子供時代、丁稚奉公に出され、給料をもらえるからと
中野軍隊学校に入り、天皇の護衛をしたことをいつも
嬉しそうに話していた。
国に尽くしたのに、戦後は憲兵だったゆえに戦犯扱いとなり、
公職追放の対象となって、会社勤めはできなかった。
しかし、その逆境をはね除けて、
自ら会社を興して、成功した。
それこそ典型的な「中小企業の頑固オヤジ」の
ような感じで、怖いときもあった。
じいさんの家に泊まりにいくと朝5時に起こされて、
寒風摩擦をやらされることが嫌だったし、
よくわからない体操(筋トレ)みたいなものも嫌だった。
何も、幼稚園児に寒風摩擦はないだろ。
でも、本当に優しくて、遊びに行く度に
嬉しそうな顔をするから、大学時代も頻繁に顔を出していた。
一緒に過ごす時間が好きだった。
年末は皆で掃除に出たし、正月はいつも一緒に
お祝いをしていた。
毎年、誕生日プレゼントをあげるのが習慣だったのに、
来年の正月はあげられなくなるのは残念だ。
一人になってしまう祖母は、
「85まで連れ添えただけで幸せだったんだよね。
誰もが、あきらめなきゃいけないんだよね。

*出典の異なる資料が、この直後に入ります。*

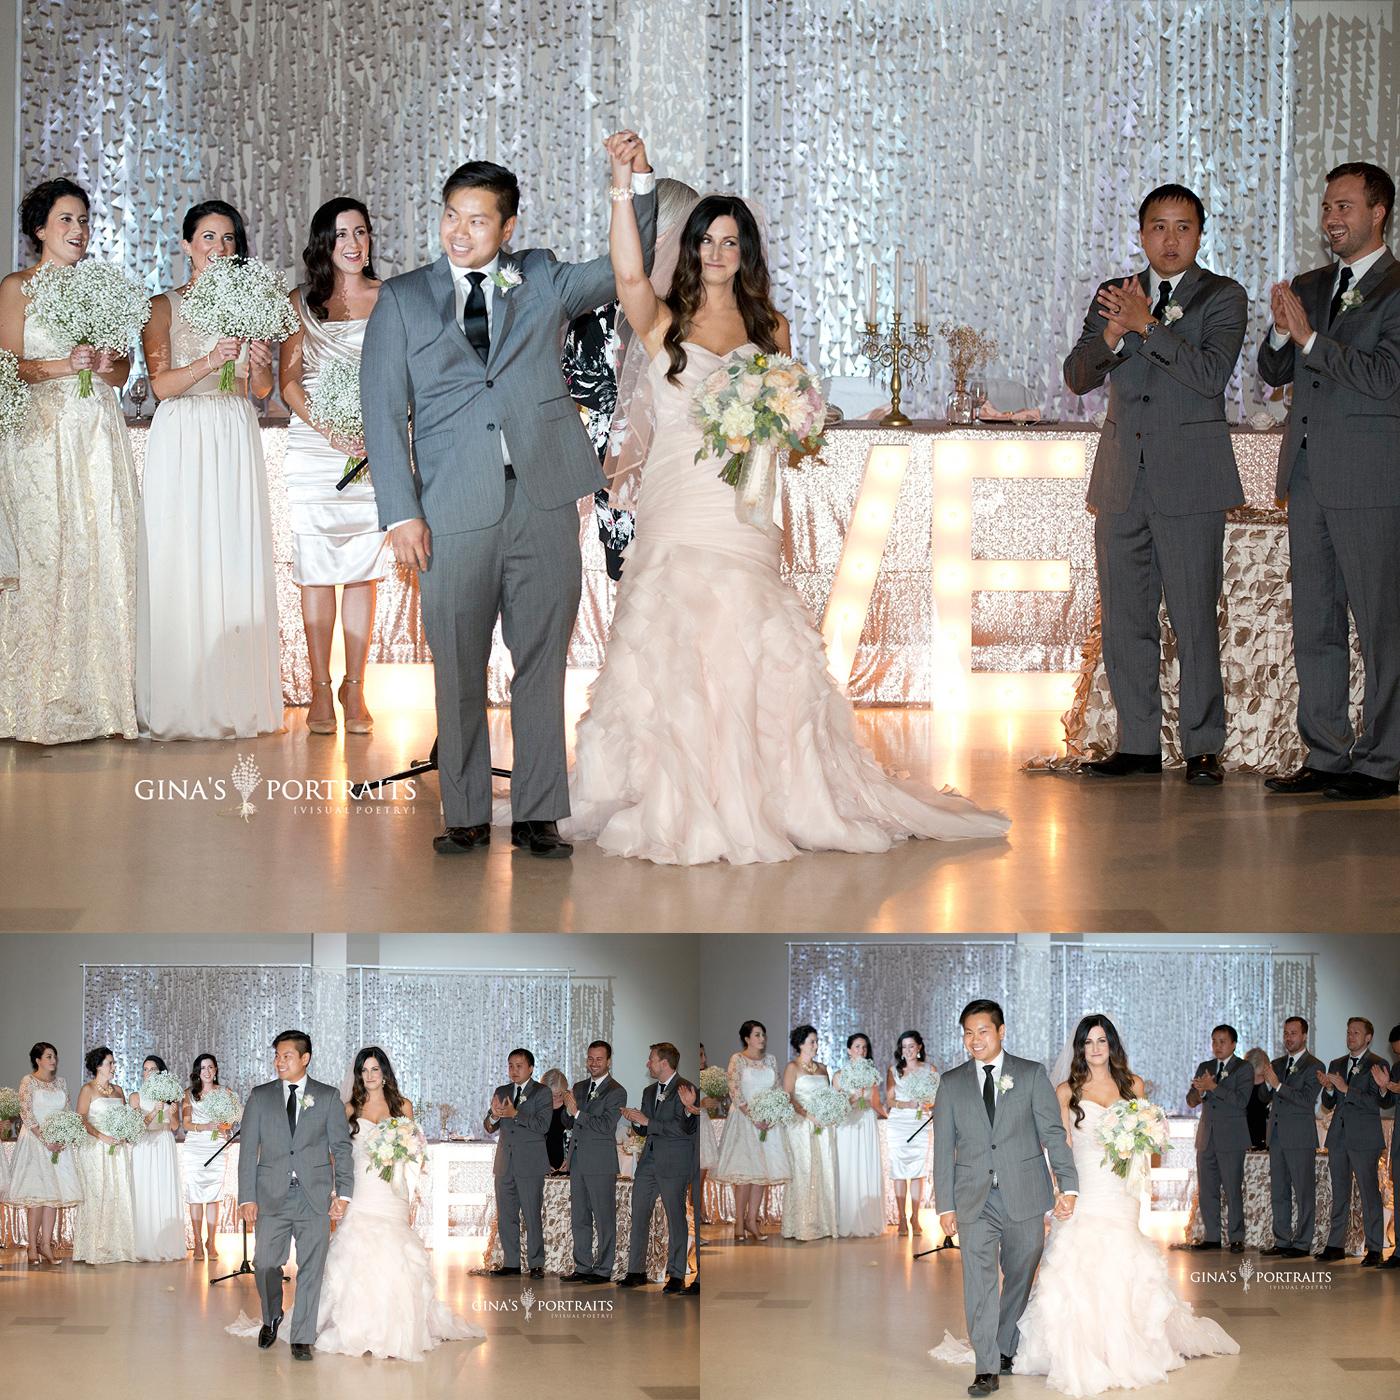 Saskatoon_Wedding_Photographer_comp064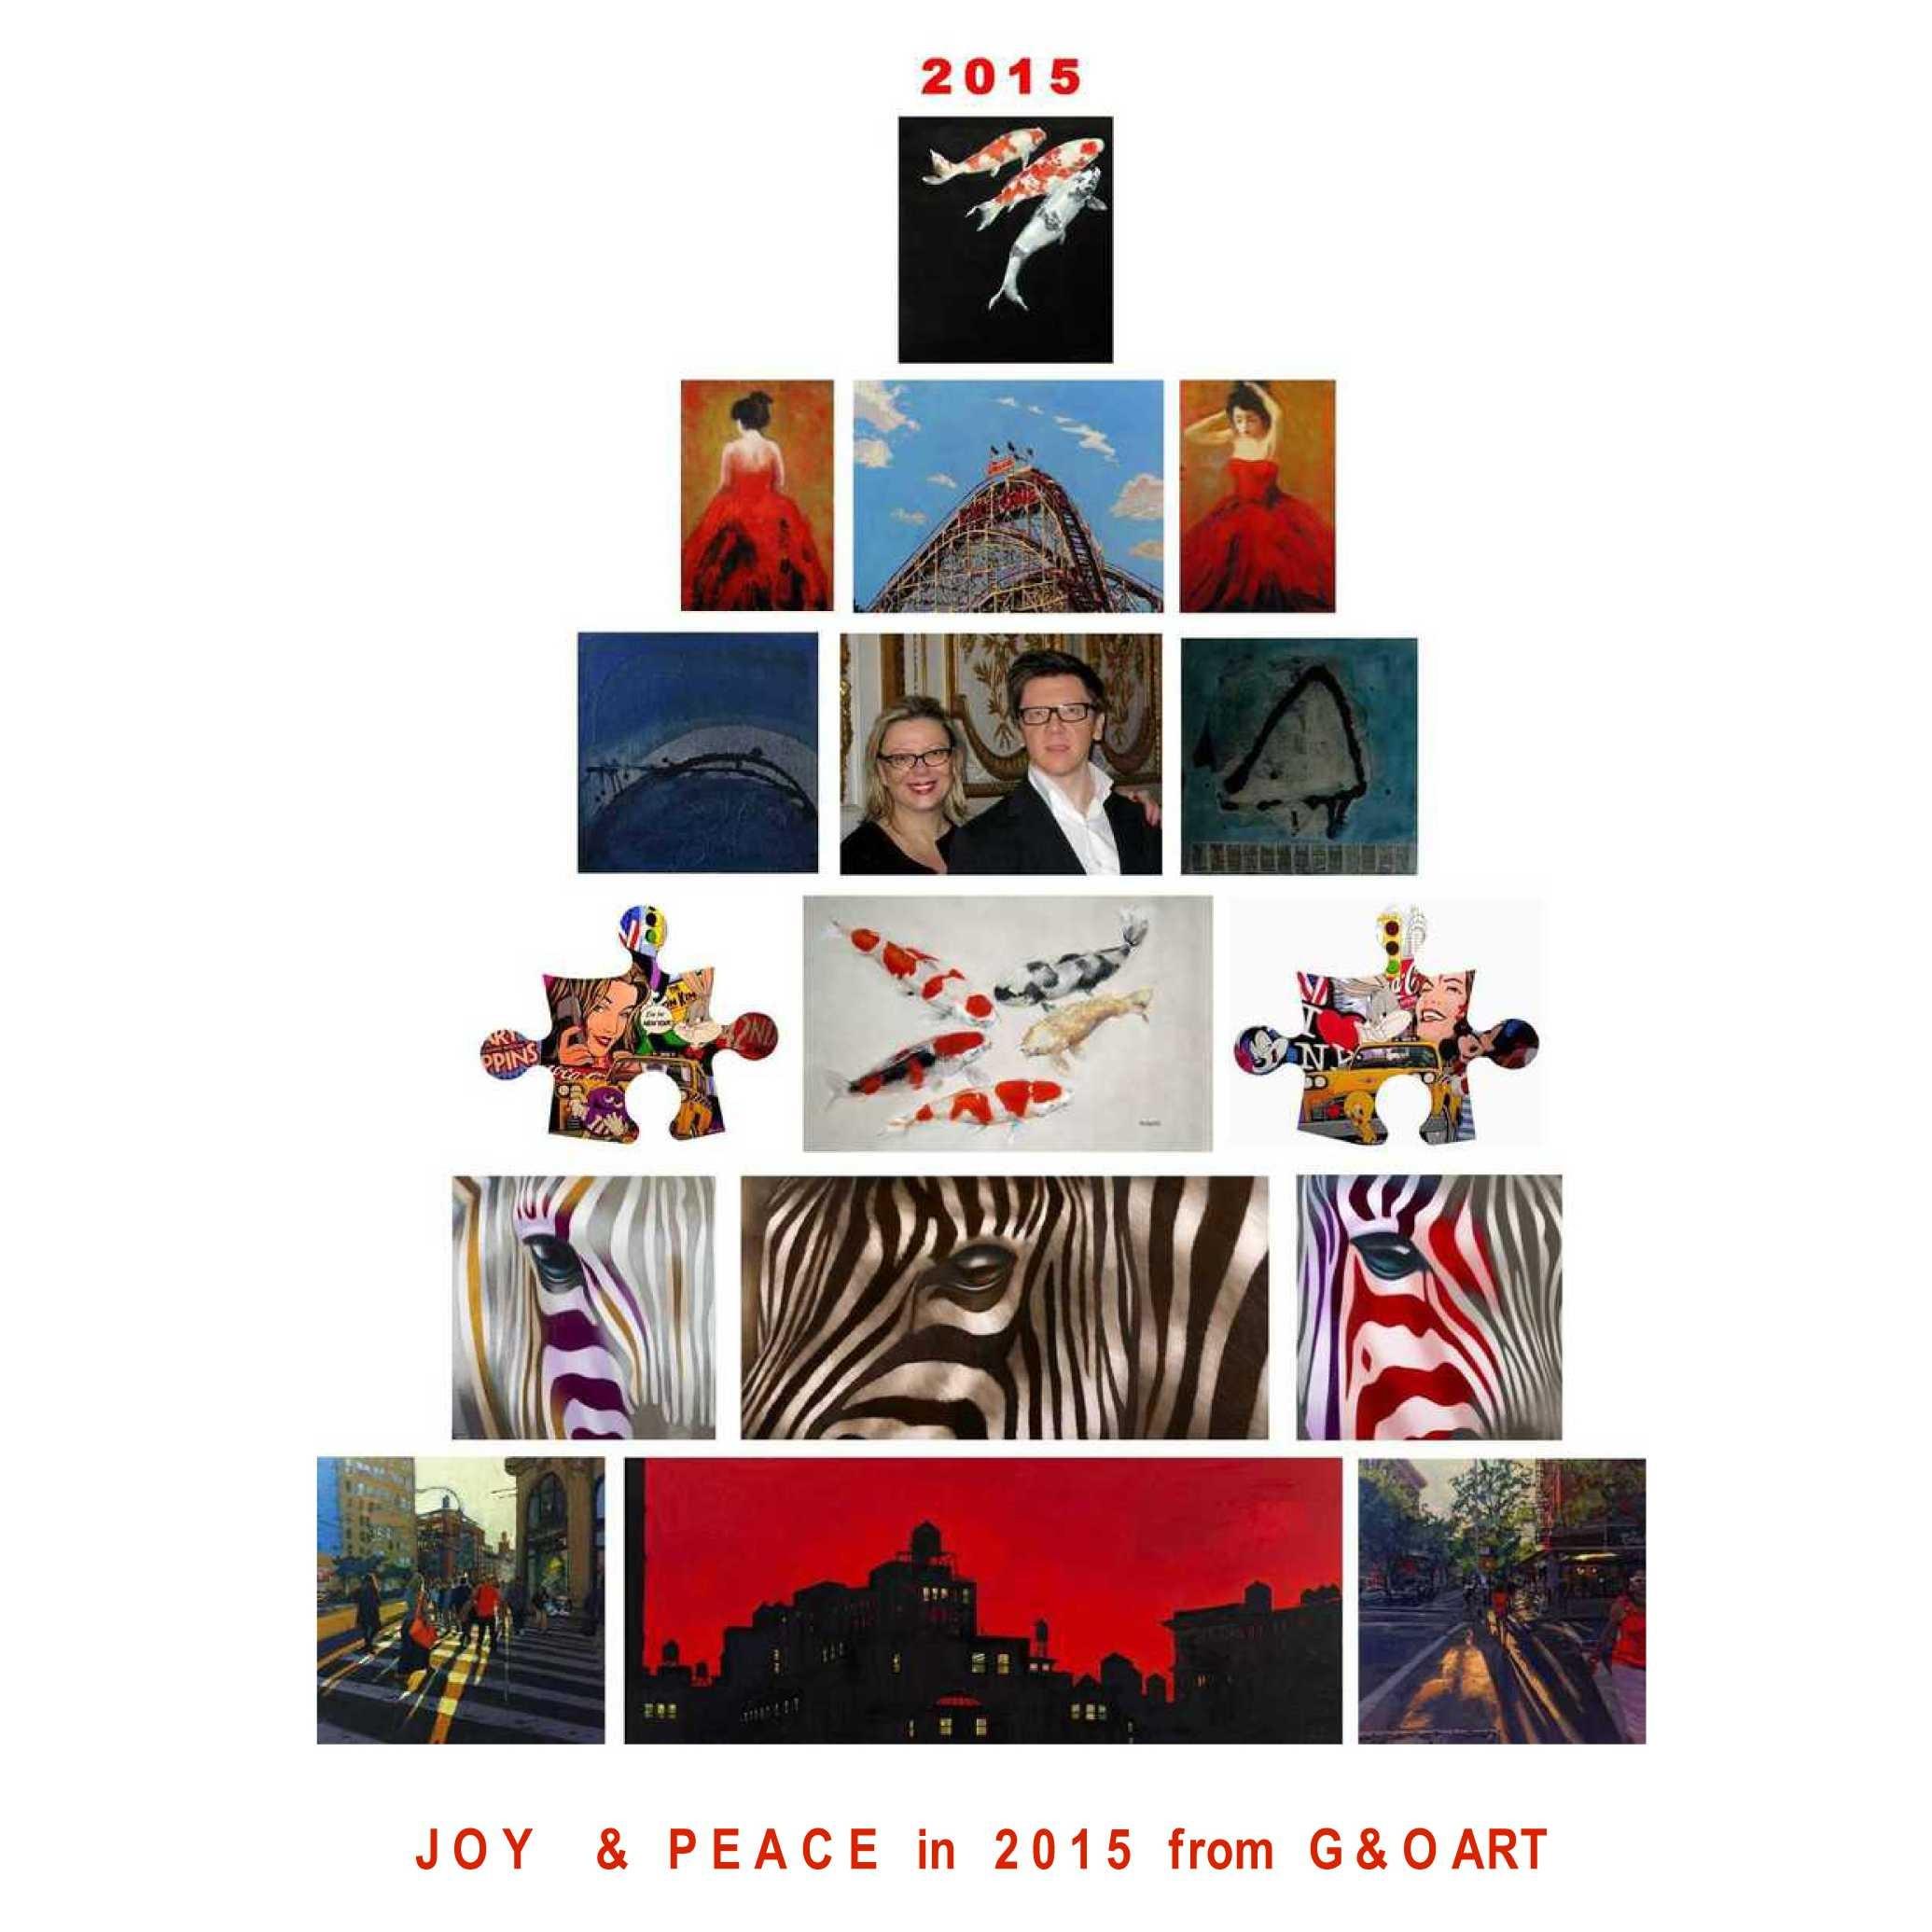 Joy and Peace 2015

」
って、自分に言い聞かせるように話してた。
笑った顔が妙に寂しそうで、泣けてくるぐらい。
動物園と嘘をついて、競馬場に息子を連れて行く
オヤジの代わりに、よく遊んでもらっていた。
だからこそ、思い出の数は、本当に多い。
どれだけの優しさをもらったのか、今でも僕は
きっと分かっていない。
でも、教わったことは染み付いている。
「一家」ではなく、「家族」を大切にすること、
そして、結びつきを大事にすることの大切さは、
近くでしっかりと見せてもらった。
だから、その想いは引き継いでいく。
心から尊敬するじいさんへの、最後の約束。
俺のじいさんは、これで2人とも他界
してしまったけど、2人から受け継いだ想いを
大切にしていきたい。
だから、安心して。
墓参りは趣味の一つ。
足繁く通うから。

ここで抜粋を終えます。